Ennesimo episodio di omofobia, questa sera a Palermo un flash mob in segno di protesta

di Claudia Guarino
cronaca | Drammatico caso di omofobia, quello avvenuto ieri nello storico quartiere palermitano della Vucciria. Un giovane omosessuale è stato aggredito verbalmente e poi picchiato in un pub, da un uomo sulla sessantina che lo accusava di avergli fatto delle avance. Il fatto è stato subito denunciato dall’Arcigay, che si offerto di assistere la vittima mettendo a disposizione il proprio ufficio legale e organizzando, questa sera, in piazza Caracciolo, nel cuore della Vucciria, assieme all’associazione Articolo Tre, un flash mob a difesa dei diritti degli omosessuali, “gay e lesbiche, dei trans gender, bisex, migranti, donne, "diversi" di ogni tipo, genere ed orientamento... A testa alta, senza paura” come sottolinea in una nota, Agnese Ciulla, Assessore ai diritti di cittadinanza, che si è immediatamente mobilitata per sostenere istituzionalmente la categoria omosessuale, troppo spesso vittima di tristi episodi omofobi.

L’intervento dell’assessore Ciulla – “I gravi fatti di omofobia delle ultime ore ci sollecitano ad un impegno e ad una attenzione crescente, perché ogni atto di violenza è un aggressione a tutta la città e ogni atto di violenza contro qualcuno per la sua identità mina le basi dello sviluppo civile. La comunità cittadina – continua l’assessore ai Diritti di cittadinanza - cresce solo se valorizza e tutela le differenze come elemento di ricchezza.

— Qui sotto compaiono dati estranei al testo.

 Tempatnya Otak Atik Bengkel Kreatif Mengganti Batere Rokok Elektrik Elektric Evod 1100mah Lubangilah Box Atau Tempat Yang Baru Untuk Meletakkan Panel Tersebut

Nelle prossime settimane tornerò ad incontrate le associazioni impegnate sui temi LGBT per programmare insieme nuove iniziative rivolte a tutta la città. 

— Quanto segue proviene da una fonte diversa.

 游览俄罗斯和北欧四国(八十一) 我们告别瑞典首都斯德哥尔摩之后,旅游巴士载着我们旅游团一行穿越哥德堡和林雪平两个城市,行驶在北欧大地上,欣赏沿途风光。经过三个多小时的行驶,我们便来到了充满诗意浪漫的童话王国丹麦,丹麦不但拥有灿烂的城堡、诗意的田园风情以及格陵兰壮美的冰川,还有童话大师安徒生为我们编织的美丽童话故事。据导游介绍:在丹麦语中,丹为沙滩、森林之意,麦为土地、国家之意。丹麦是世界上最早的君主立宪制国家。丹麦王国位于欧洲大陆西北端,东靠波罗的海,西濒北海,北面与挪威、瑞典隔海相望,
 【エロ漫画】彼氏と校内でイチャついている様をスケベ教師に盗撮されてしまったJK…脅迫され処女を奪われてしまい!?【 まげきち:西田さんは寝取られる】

Il racconto del giovane - "Sono andato nel bagno del locale e una volta uscito, un uomo di circa 60 anni ha iniziato a insultarmi, insinuando che non avessi risposto mentre lui bussava alla porta. Perchè, a suo dire, essendo io gay, volevo che lui entrasse in bagno mentre c'ero io. Ed ha iniziato a insultarmi urlando, mi ha schiaffeggiato, poi è uscito facendo perdere le sue tracce". "Deve per forza scappare il morto - aggiunge il giovane vittima dell'aggressione - perchè ci sia una legge contro la discriminazione sessuale? Devo per forza avere un occhio nero e il naso rotto per urlare allo scandalo?". 

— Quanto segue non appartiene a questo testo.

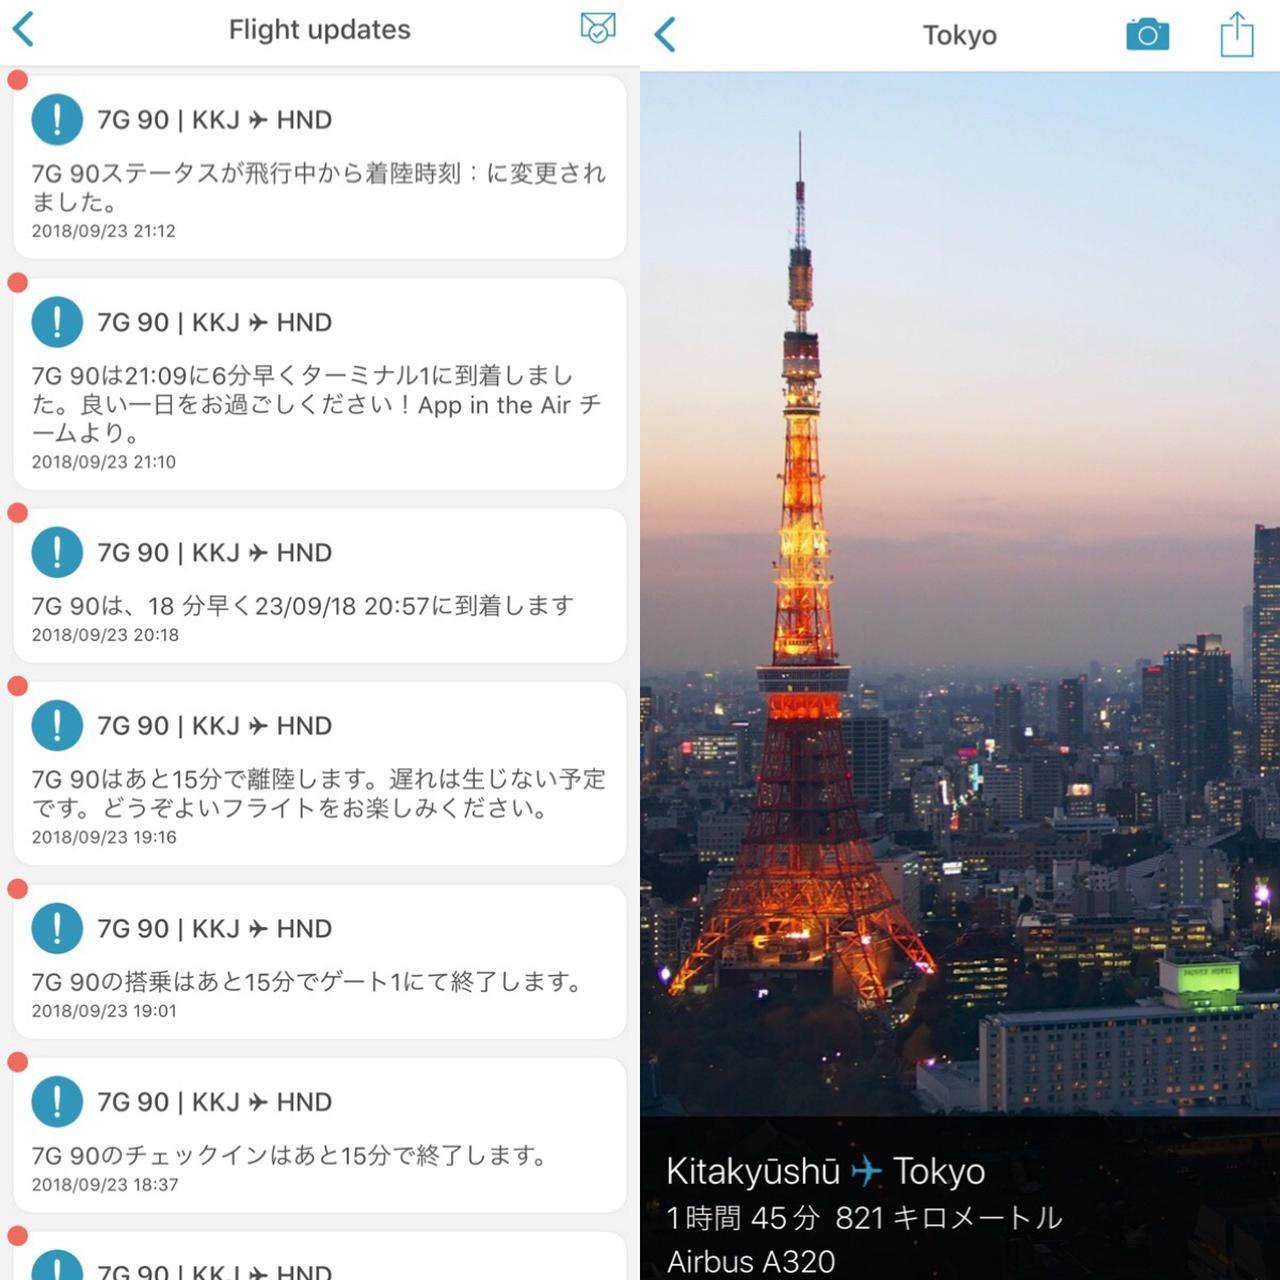 画像3: 旅行当日!まさかの事態が発生。でもアプリで逐一状況確認できます。

Il flash mob di questa sera – Il testo dell’iniziativa, prevista per stasera in piazza Caracciolo, recita come segue: "Voglio una legge contro questi atti di violenza continui e costanti, verbali e fisici, voglio una legge che faccia sentire le persone padrone di uscire per la propria città senza dovere temere di essere aggrediti per il proprio orientamento sessuale o identità di genere, voglio una legge che non consenta più al politico/religioso di turno, di dire tutto quello che gli/le passa per la testa sulle persone LGBT, perché tanto loro non valgono niente... voglio una legge che renda Palermo una città un po' più civile. Siamo PERSONE, abbiamo gli stessi doveri delle altre, quindi dovremmo avere anche gli stessi diritti delle altre, anche quello di stare alla Vucciria senza paura di subire aggressioni e/o attacchi”. 

“La Vucciria, e quel locale in particolare – si legge in una nota - sono dei posti in cui ci sentiamo a casa, frequentati liberamente da persone LGBT: vogliamo che continuino ad esserlo, così come il resto della cittè e d’Italia”.